━━━━━ Given information

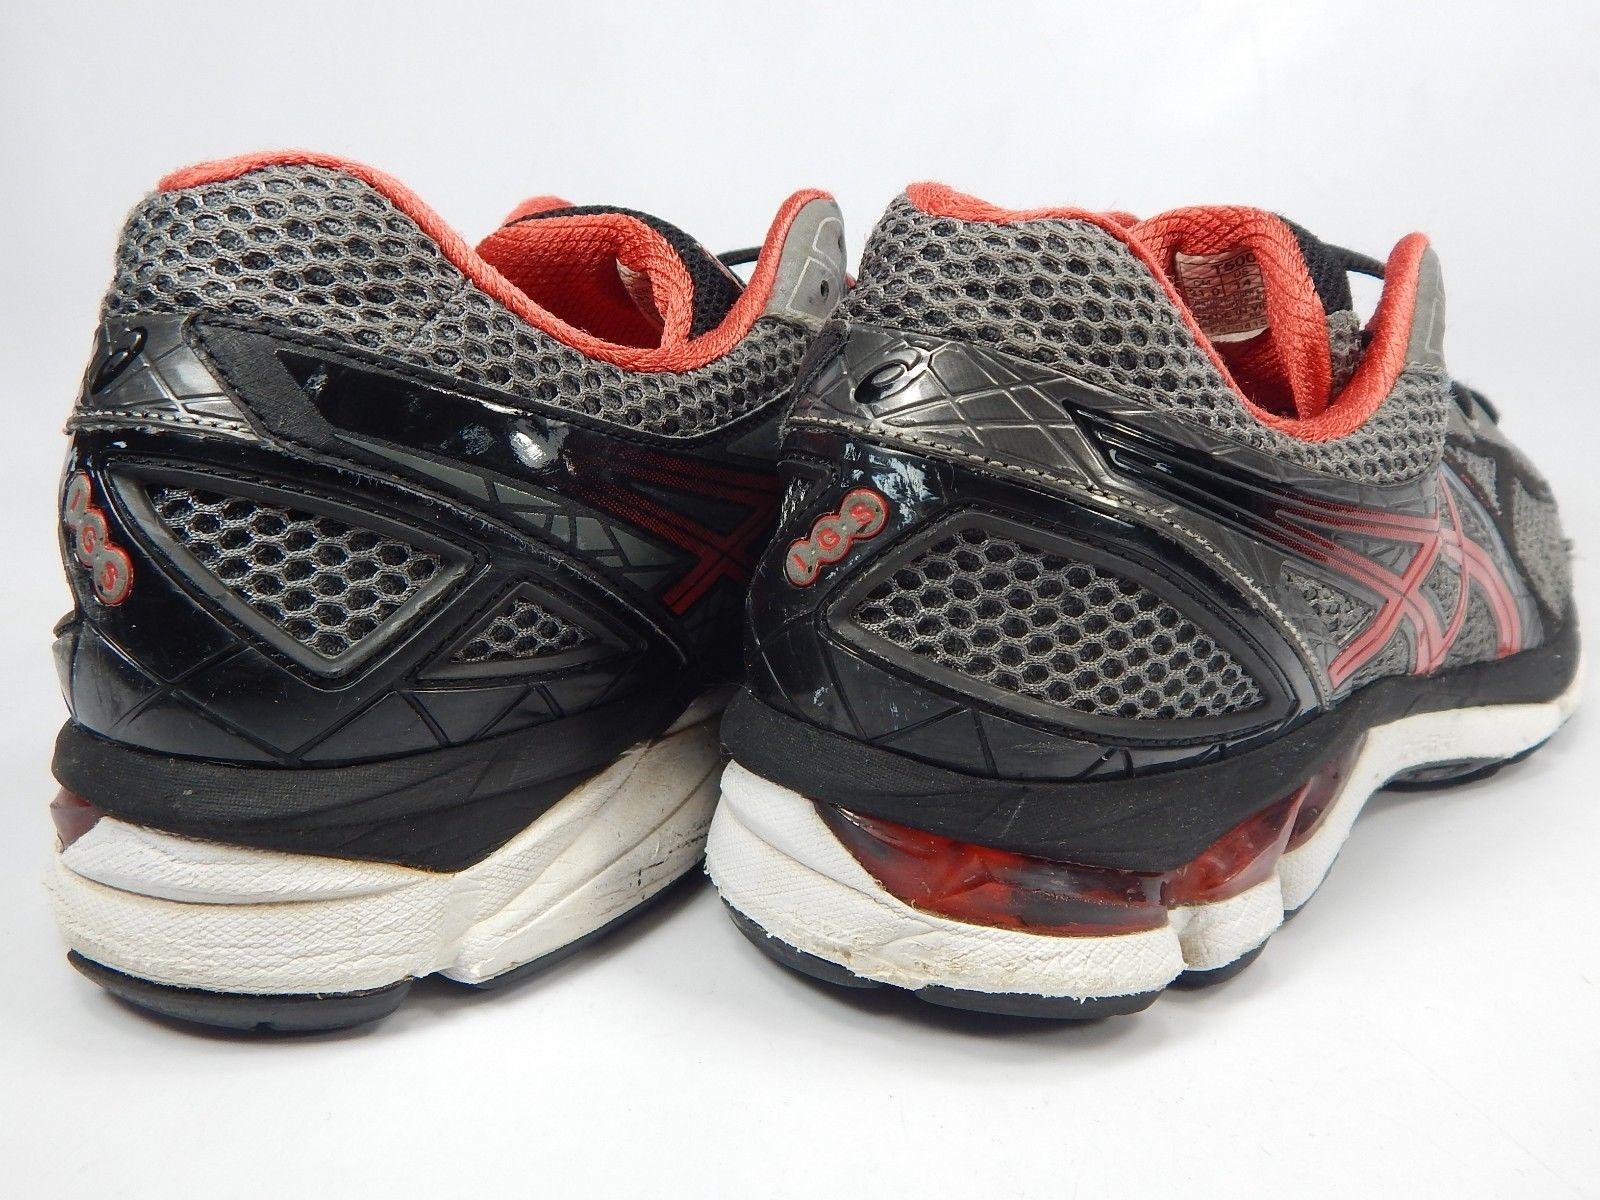 Asics GT 2000 v 3 Size US 14 M (D) EU 49 Men's Running Shoes Gray Red T500N
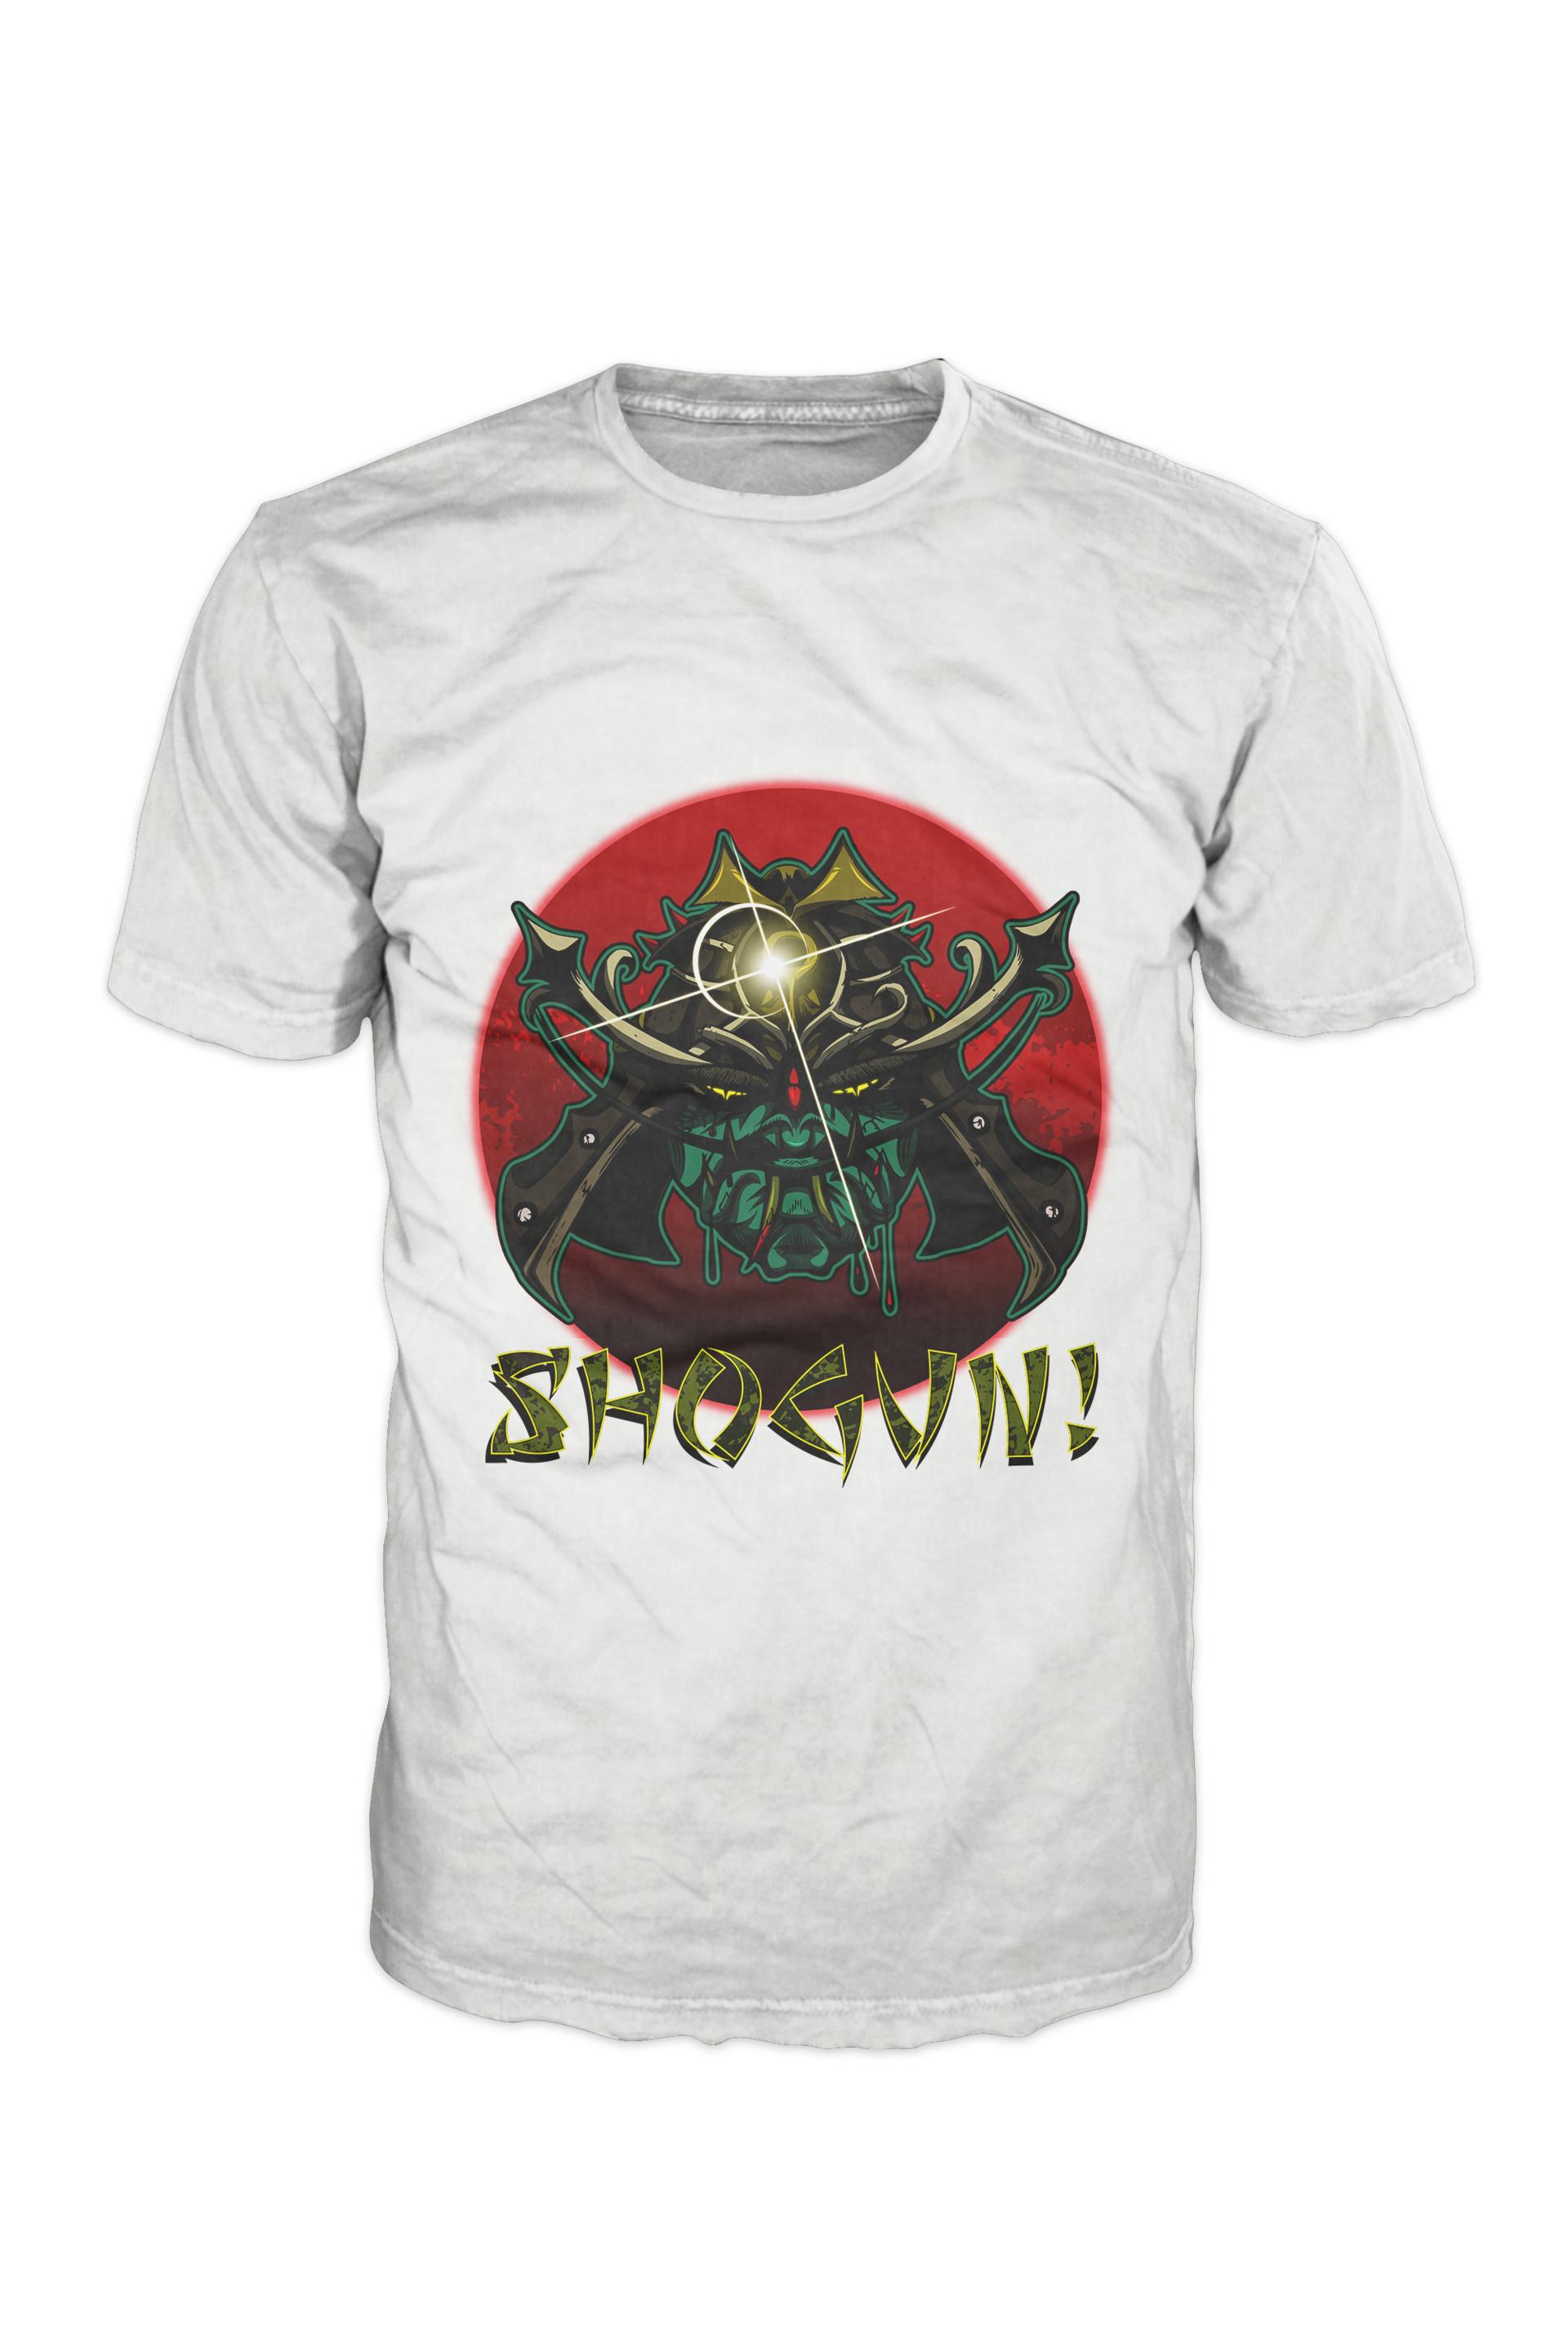 Nathaniel scramling shogun shirt
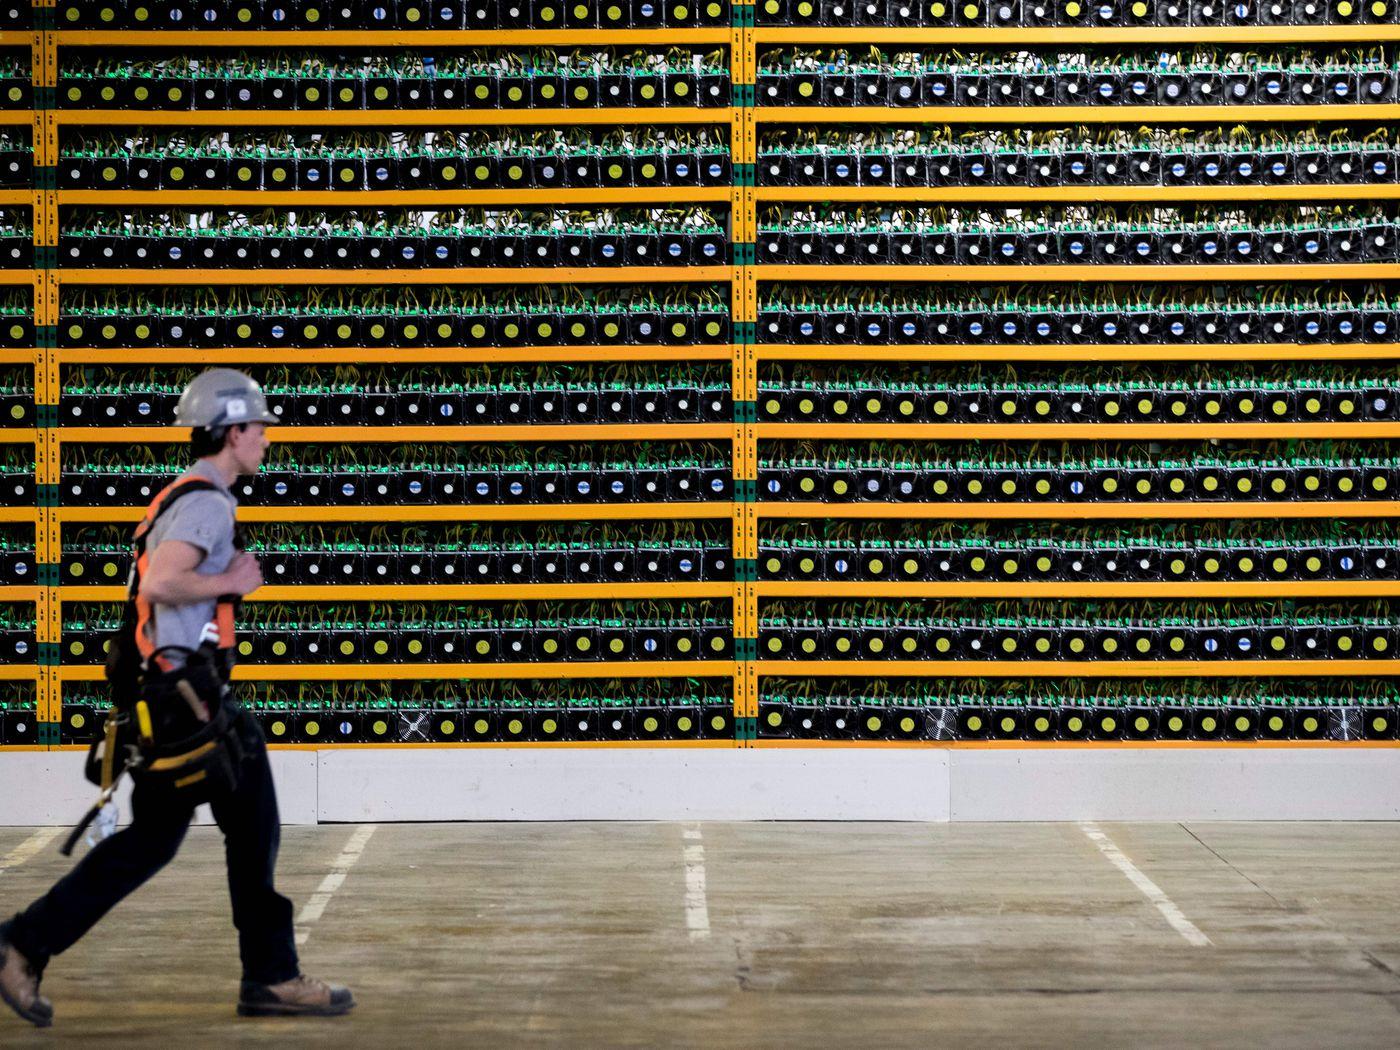 compararea pieței bitcoin

━━━━━━━━━━

Directions: Everything in the data except the pictures needs to be written out exactly.

Exercise answer:
 Asics GT 2000 v 3 Size US 14 M (D) EU 49 Men's Running Shoes Gray Red T500N
 Nathaniel scramling shogun shirt
 compararea pieței bitcoin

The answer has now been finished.